[DATA BELOW]
******************************
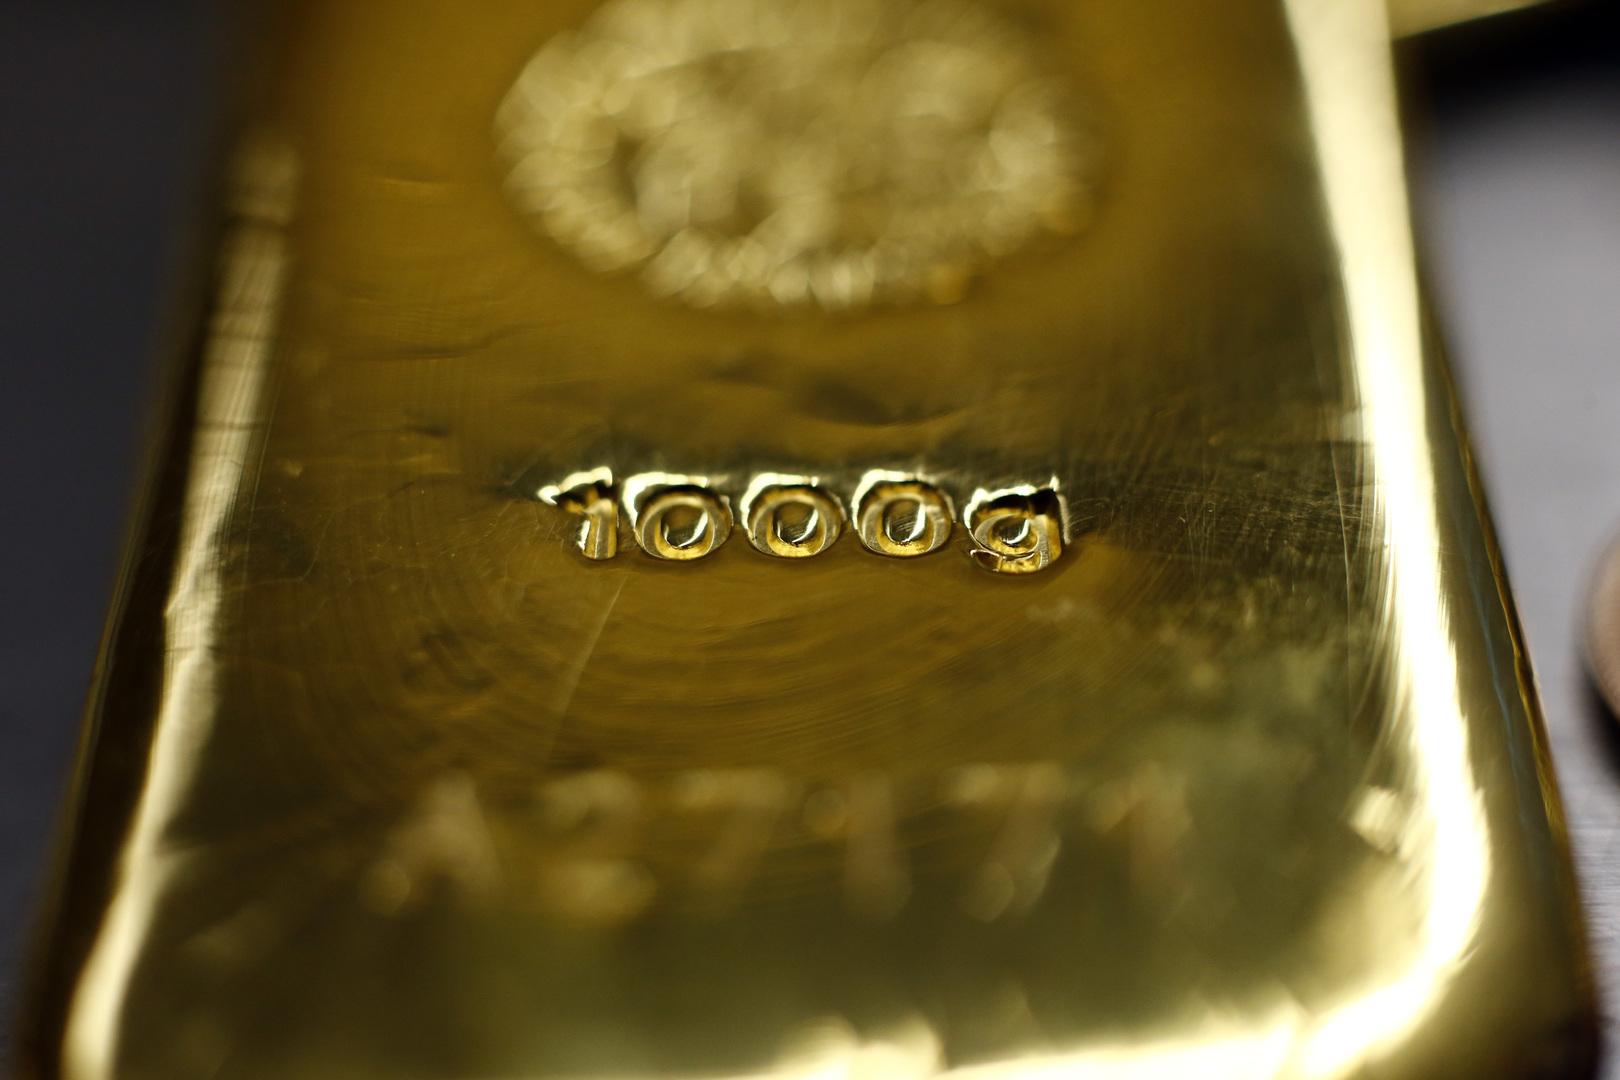 الذهب يتجه نحو تسجيل ثالث مكسب أسبوعي على التوالي
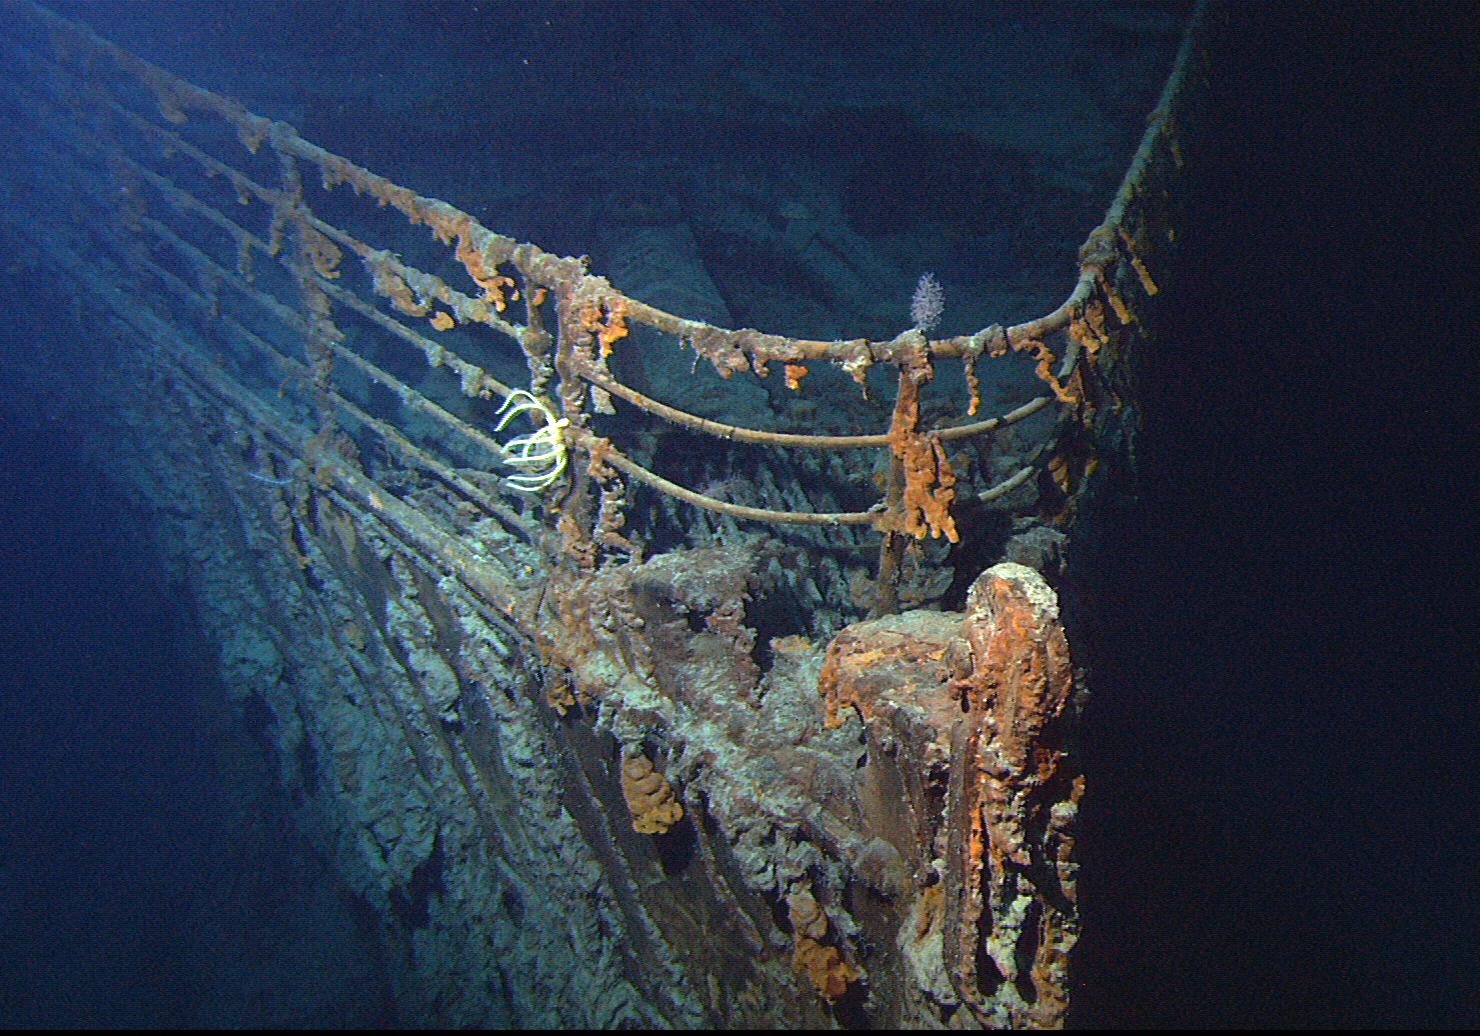 Titanic II ar putea naviga în 2022, urmând ruta originală
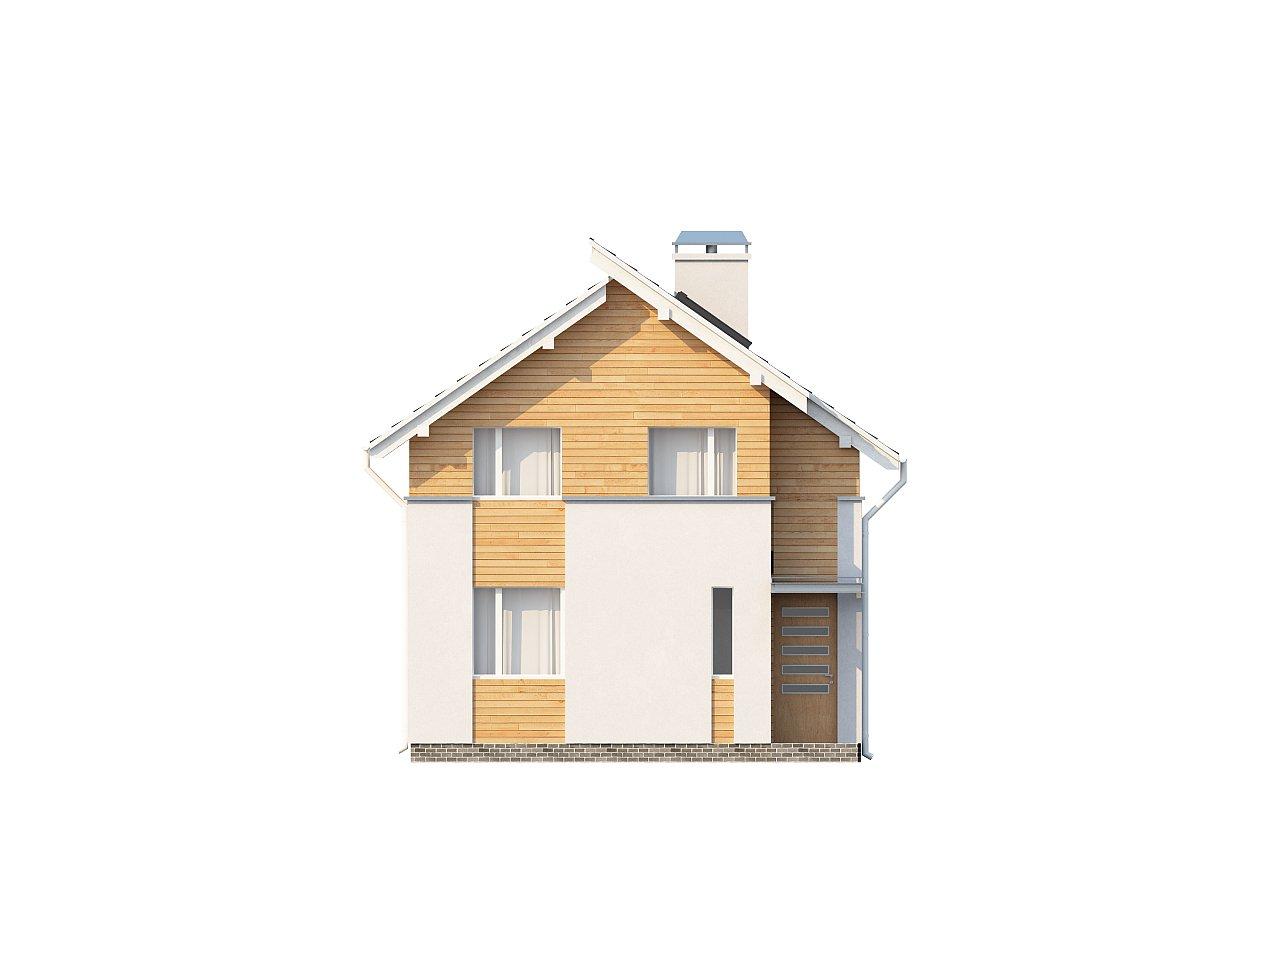 Энергоэффективный и удобный дом с современными элементами отделки фасадов. Подходит для узкого участка. - фото 3
******************************
[TASK OBJECTIVE] Print the stretch of the data from the line with "Titanic II ar" through its last line, exactly and with both ends kept. Omit pictures.

[RESULT FOR THIS EXERCISE]
 Titanic II ar putea naviga în 2022, urmând ruta originală
 Энергоэффективный и удобный дом с современными элементами отделки фасадов. Подходит для узкого участка. - фото 3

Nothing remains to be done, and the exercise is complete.